SOMETIMES THEY DON’T TELL YOU ENOUGH - PHIL BELOIN JR.
“My wife is a very sensual creature, Mr. Trimble,” Clark Gibbon said.
Sometimes clients tell you too much.
“I have a picture of her,” he added.
He slid a photograph across the desk. He was dead-on. His wife oozed sexuality with flowing blonde locks and a saturating sheen to her eyes.
“Well?” Gibbon said.
“Well, what?” I said. I wanted to smoke, but Gibbon looked uptight, needing a P.I. to get the dirt on his better half.
“Do you mind if I smoke?” he said.
“Heck, no,” I said. “I’ll light it for you.”
And we smoked for a while. After he left, I took out my digital camera.

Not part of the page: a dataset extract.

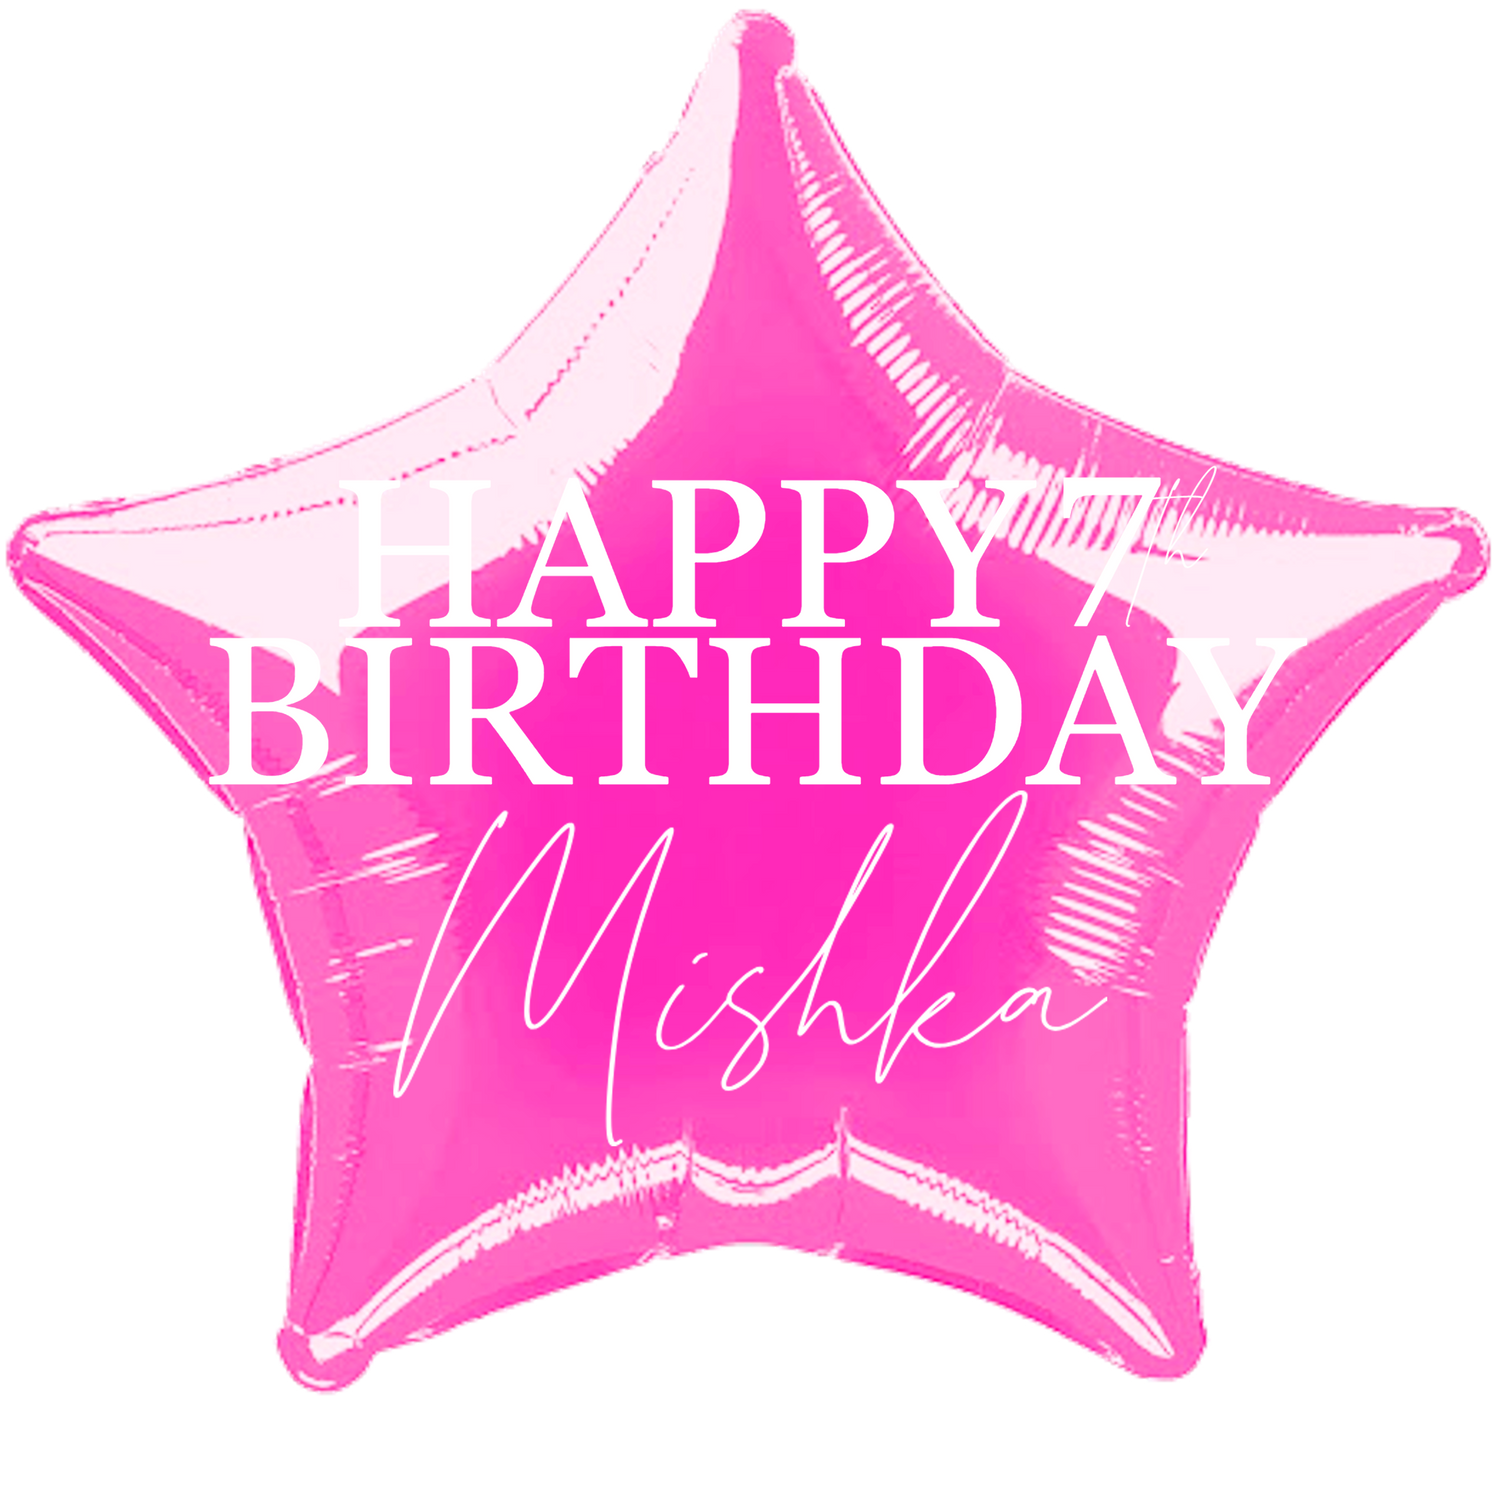 Personalized/Customized Custom Name/Text & Age Hot Pink Star Foil/Mylar Balloons For Six Months/First/Second/Third/Sixteenth/Twenty-First/Thirty/Forty/Fifty/Sixty/Seventieth Birthday, Milestone Birthday or a Special Themed Birthday Event. Supports Helium/Air, Luxury Bespoke Balloons Are a Perfect Surprise For Your Baby, Wife, Mom, Dad, Brother, Sister, Friends & Loved Ones

I latched onto Mrs. Gibbon outside her estate of marble and glass. Her hubby was an attorney suing companies for copyright infringement and anti-trust violations. Apparently, it paid well enough for an eight hundred room villa and a roadster imported from Italy. Mrs. Gibbon drove that gazelle like she was late for a meeting in Europe, too.
I had a stitch of trouble following her in my crumbling sedan, running stop signs and red lights, missing a bevy of stray critters, and even an elderly fellow in a wheelchair, who’s middle finger worked just fine.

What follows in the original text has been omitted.